→ Try it: In the data below, begin at the line with "Murthy Vl's show" and stop after the line with "Černé šaty s 3/4 rukávy Dorothy Perkins"; output those lines exactly and no pictures.

→ Source data:
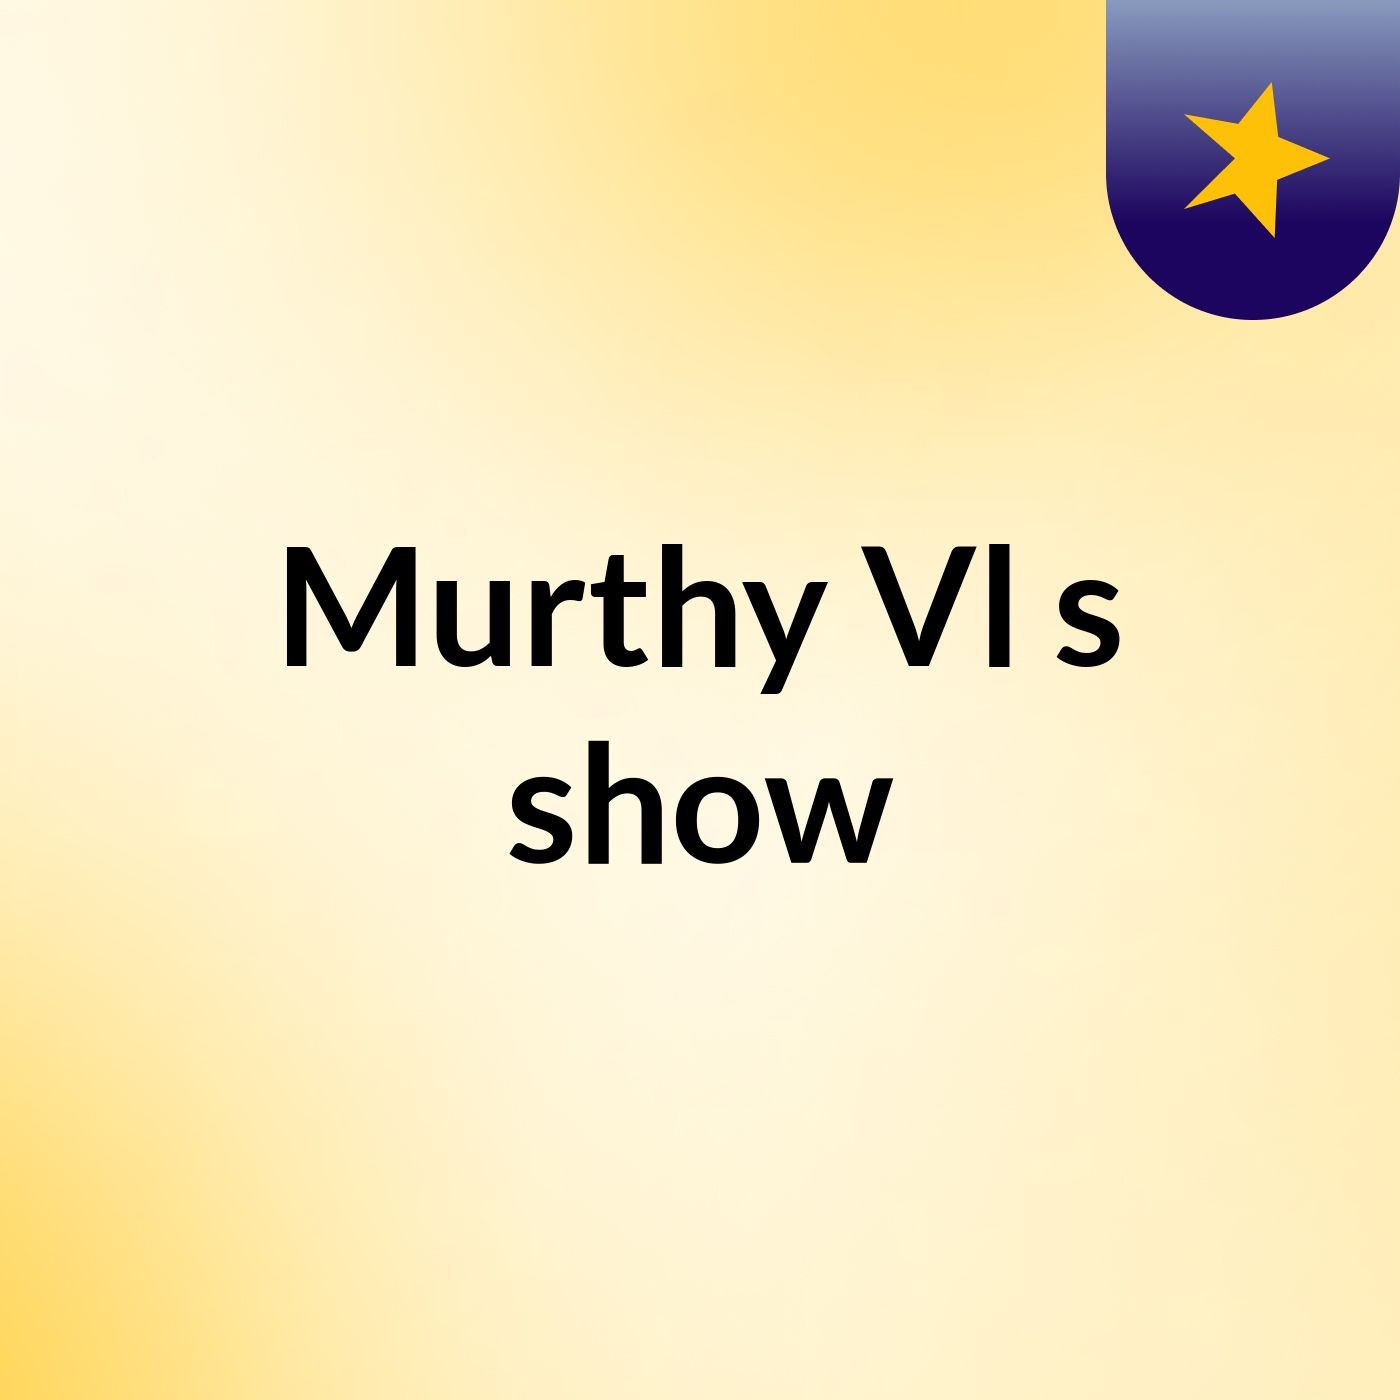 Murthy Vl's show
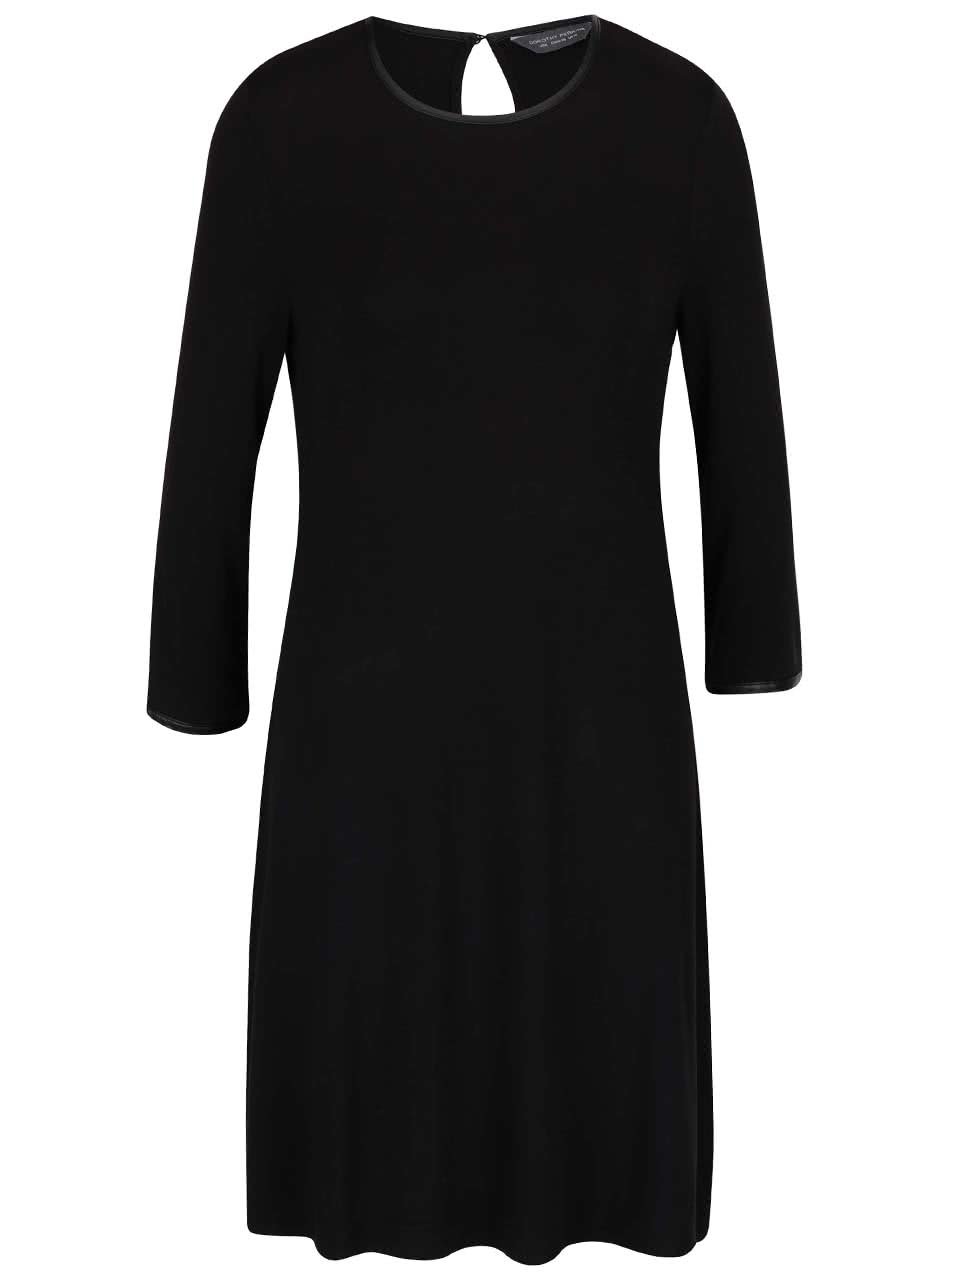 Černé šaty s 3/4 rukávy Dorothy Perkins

* * *

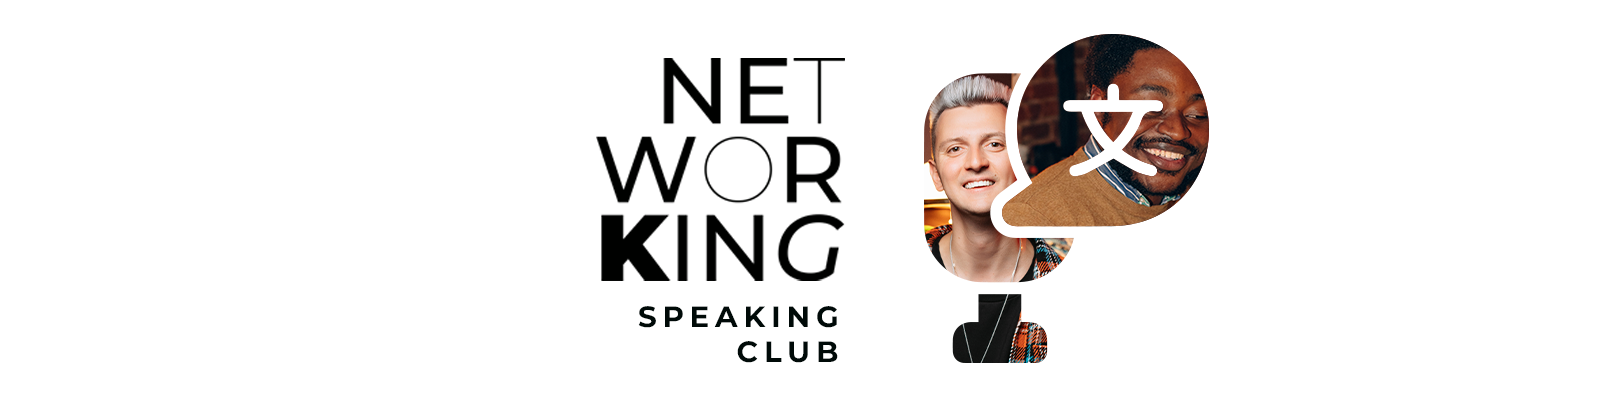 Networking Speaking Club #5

--

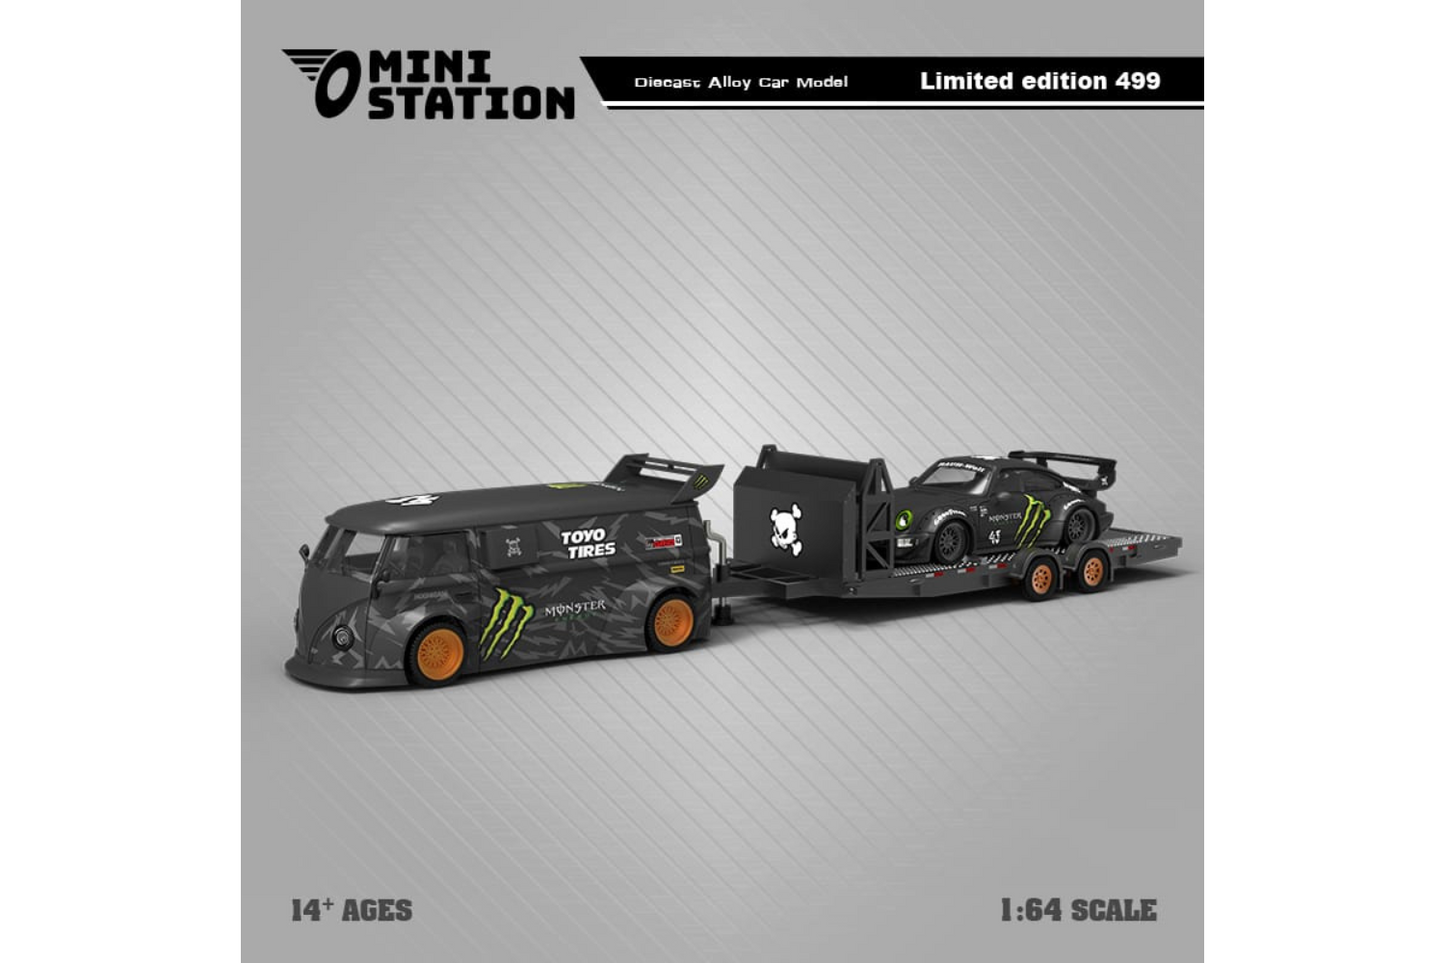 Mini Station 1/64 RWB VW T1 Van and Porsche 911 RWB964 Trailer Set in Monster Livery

→ Response area:
 Murthy Vl's show
 Černé šaty s 3/4 rukávy Dorothy Perkins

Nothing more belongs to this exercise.